At work, whenever I make a mistake, a colleague points it out loudly in front of everyone and deliberately tries to get the manager’s attention, even making eye contact with them while doing it. It feels very performative and undermining rather than genuinely helpful. This happens repeatedly and I’m not sure how to shut it down professionally. Has anyone dealt with this before, and how did you handle it?

description of his behaviour
he says
Sally! look, you have entered the figure in the wrong section while at the same time trying to get eye contact with the manager and sort of smiling 🙄

OP posts:
SamphiretheTervosaur · 19/10/2025 10:13

Thanks John, you are so helpful! [Big smile, direct eye contact with the manager]

Wreck his party

I had one of these (spent 10 minutes in an education planning meeting telling me I was wrong on a point of theory. Quoted a book chapter to prove me wrong... I was the author). I took note, literally wrote in my planner, of his tactics and used them back at him. He absolutely lost his temper at me, in private, so I lost mine back.

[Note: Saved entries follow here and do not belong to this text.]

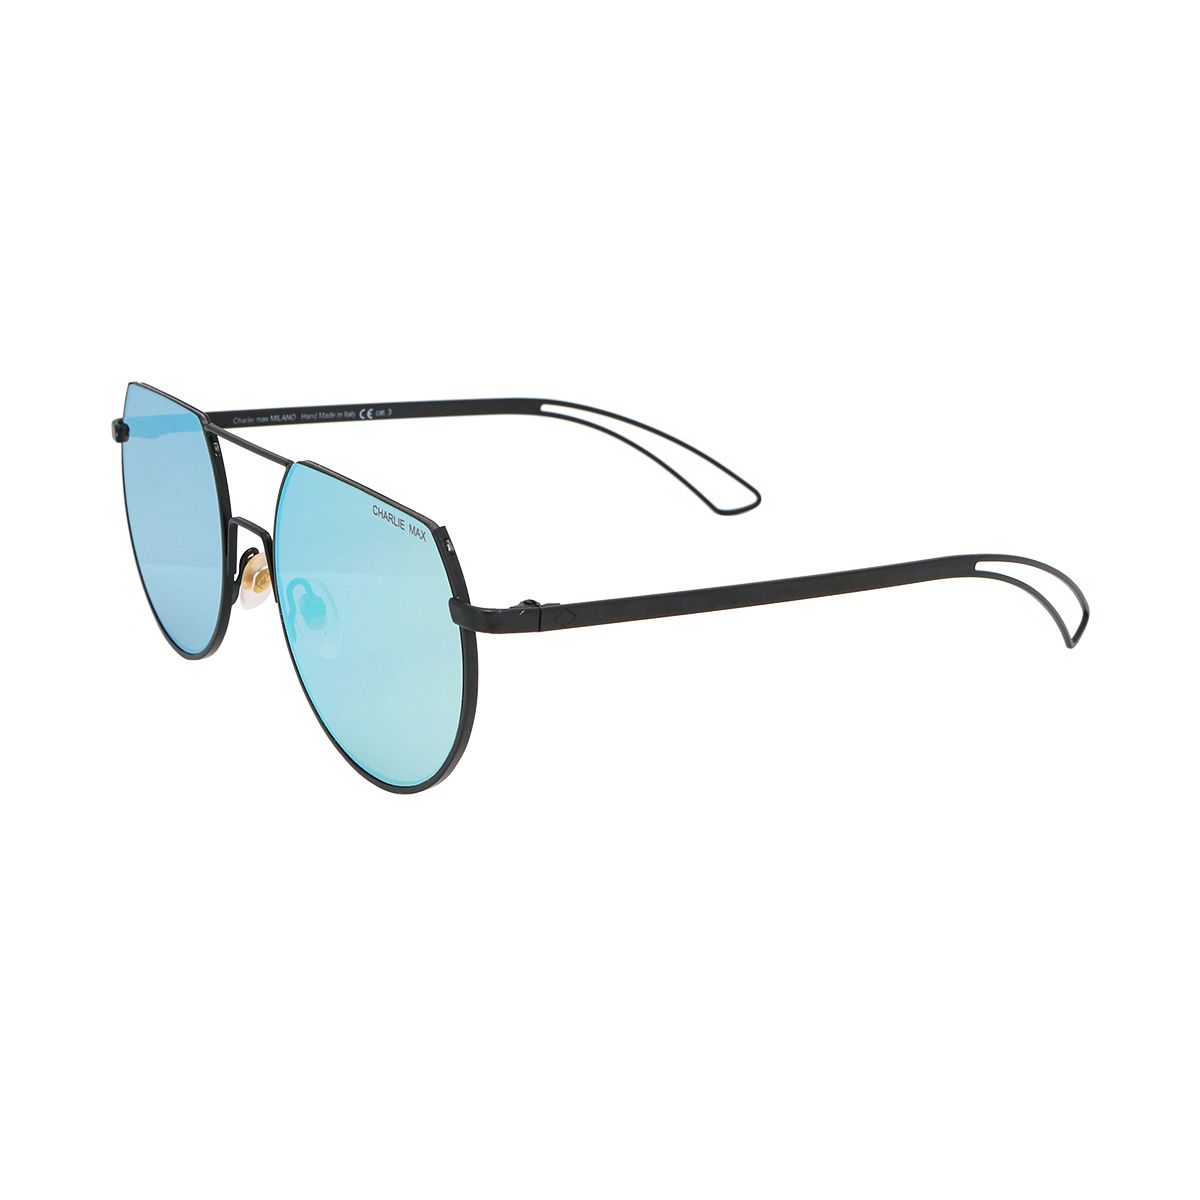 PONTACCIO Round Sunglasses BL-B23 - size 55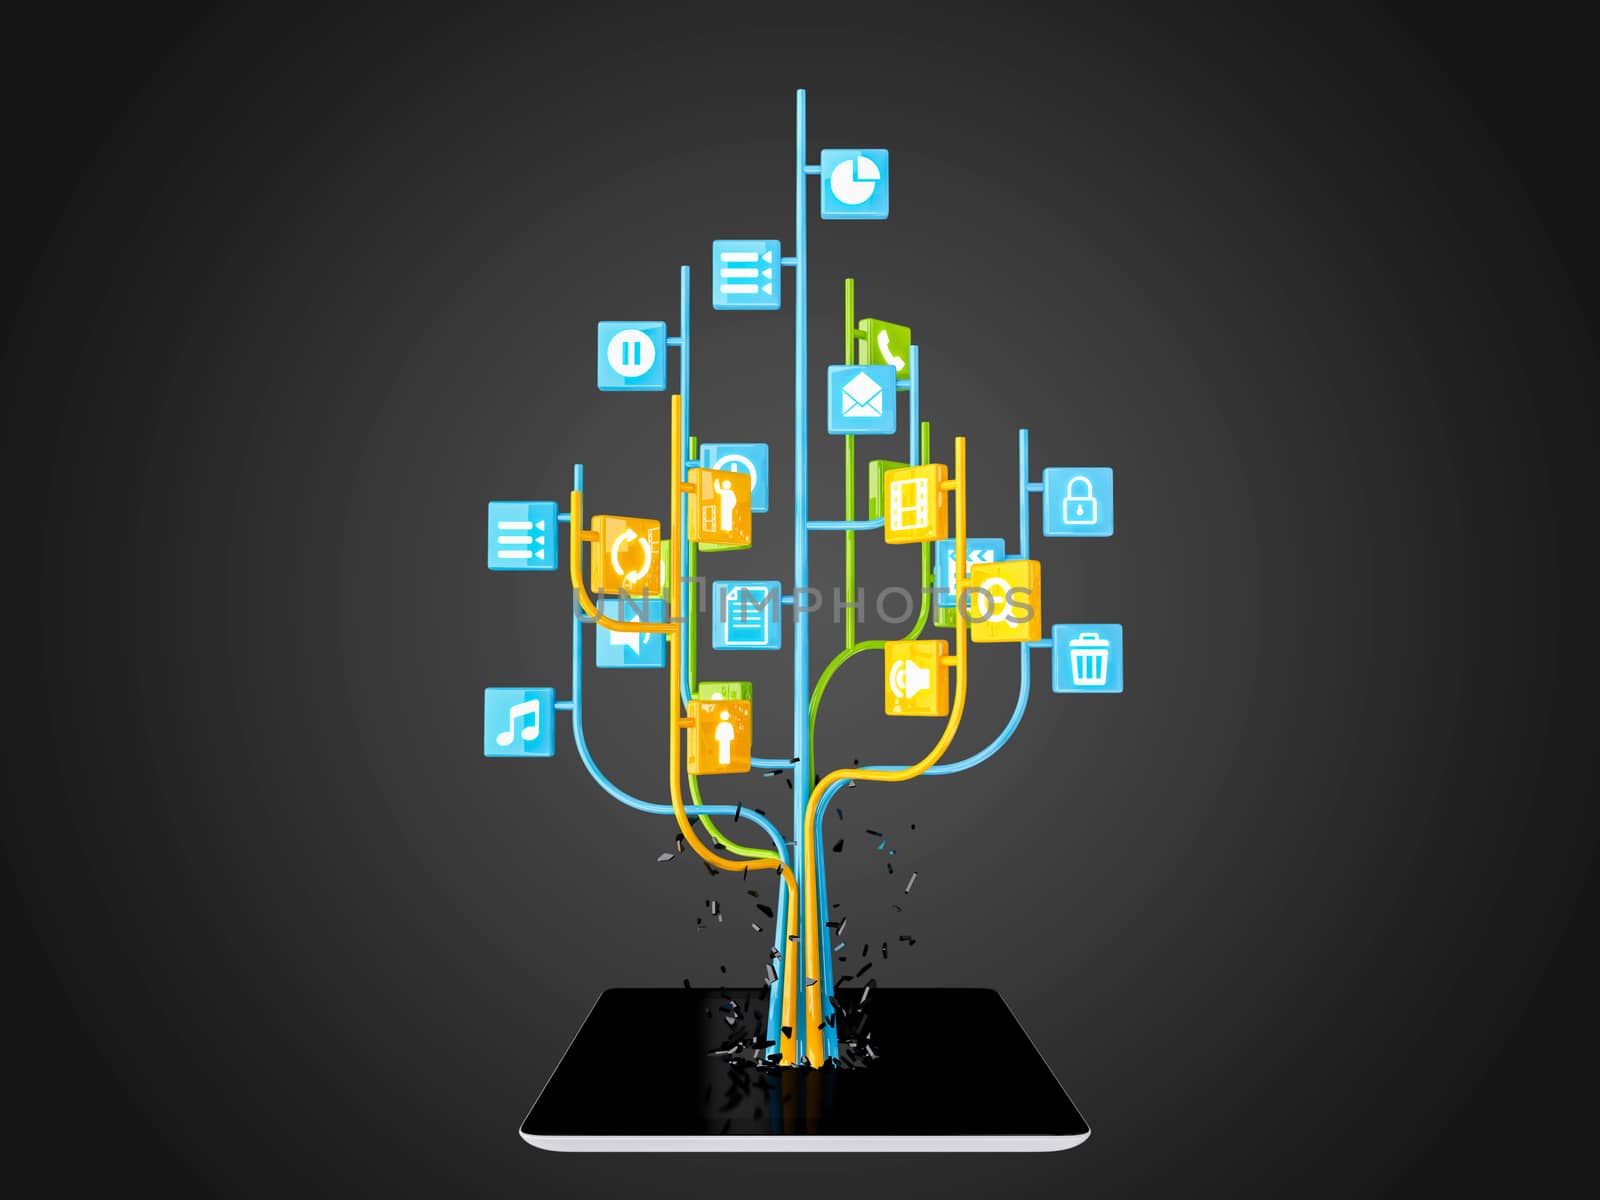 Social media icons set in tree shape on Modern black tablet pc by teerawit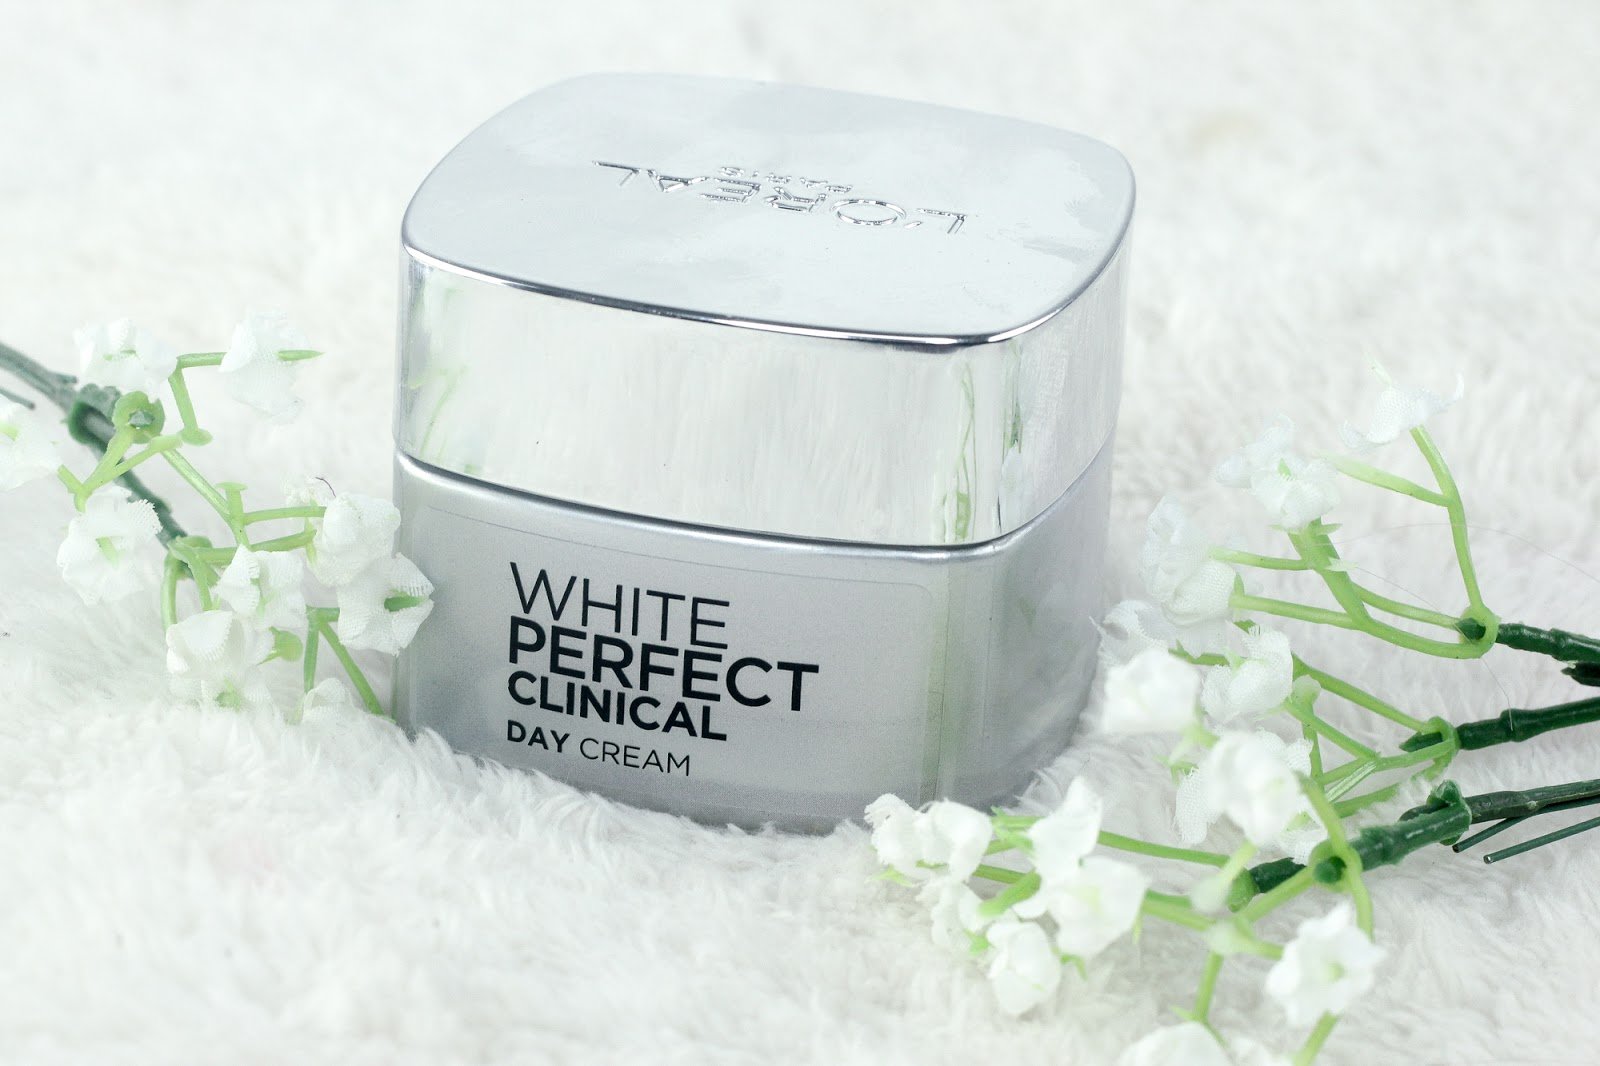 L'OREAL White Perfect Clinical Day Cream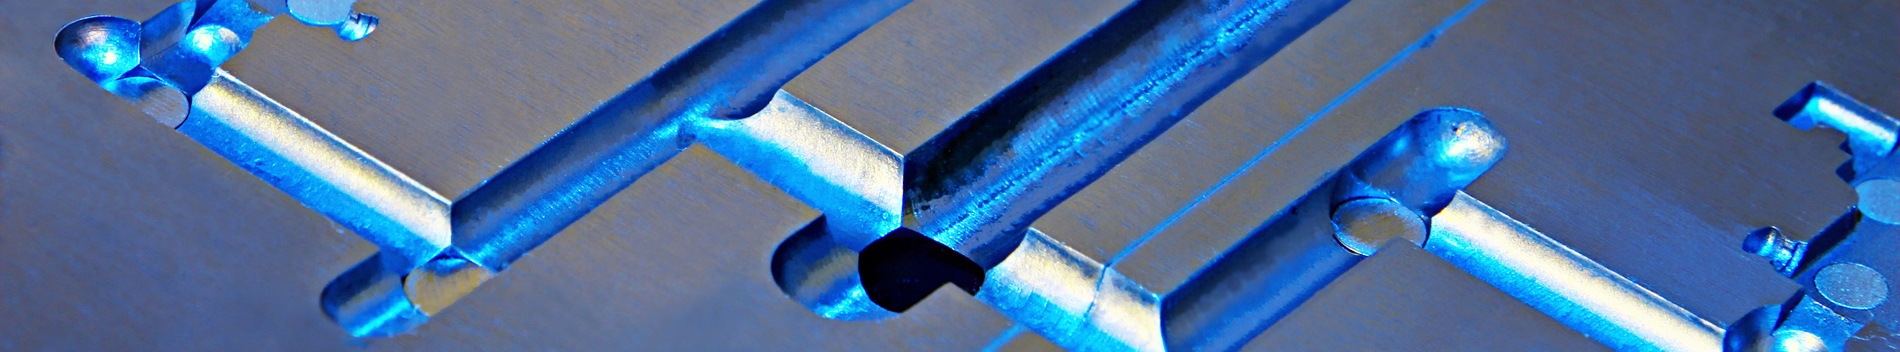 Nickel Alloys, Titanium and Stainless Steel axles

I don't recommend that last bit to anyone. He was very accomplished at his brand of manipulation, I am not.

But the bright and breezy public response often visibly irritates such men

londongirl12 · 19/10/2025 10:15

He’s being a dick. As the other poster said, reply loudly, make him look silly.
how many mistakes do you make though for him to keep doing this? How does he know?

TappyGilmore · 19/10/2025 10:17

If it happens “repeatedly” you must make quite a lot of mistakes. And how is this colleague able to always pick them up? Would agree that he sounds unhelpful but perhaps he is fed up of constantly finding mistakes.

SamphiretheTervosaur · 19/10/2025 10:20

Such people often manufacture errors, others deliberately mislead to cause them. Until you've worked with one such its hard to explain, as any explanation makes you sound petty, ridiculous, unhinged!

Redflagsabounded · 19/10/2025 17:21

Slightly louder than him
'Thank you for supporting my training, John, just to let you know, my hearing is fine so there's no need to shout any feedback at me, thank you.'

toomanyidiotseverywhere · 20/10/2025 10:42

Would this be a good idea?

John, I’m sitting right next to you — if you spot something, you can just let me know directly. There’s no need to announce it to the room or look over at the manager each time.

OP posts:
Yellowe · 20/10/2025 10:47

Stop making so many mistakes?

toomanyidiotseverywhere · 20/10/2025 10:54

@Yellowe thanks for the advice. I do make mistakes — that’s true — and it’s something I work on. I’m neurodiverse and my employer is aware of this, which is part of why the role isn’t an ideal fit for me. I’m mentioning it because a lot of replies are focusing only on “stop making mistakes” without acknowledging that public, performative call-outs actually make it harder rather than helping.

He also does this even when I’m simply confirming a piece of information, so it isn’t always about correcting an error — it’s the way he draws attention to it. I’m honestly considering leaving because the way this is handled at work feels quite undermining.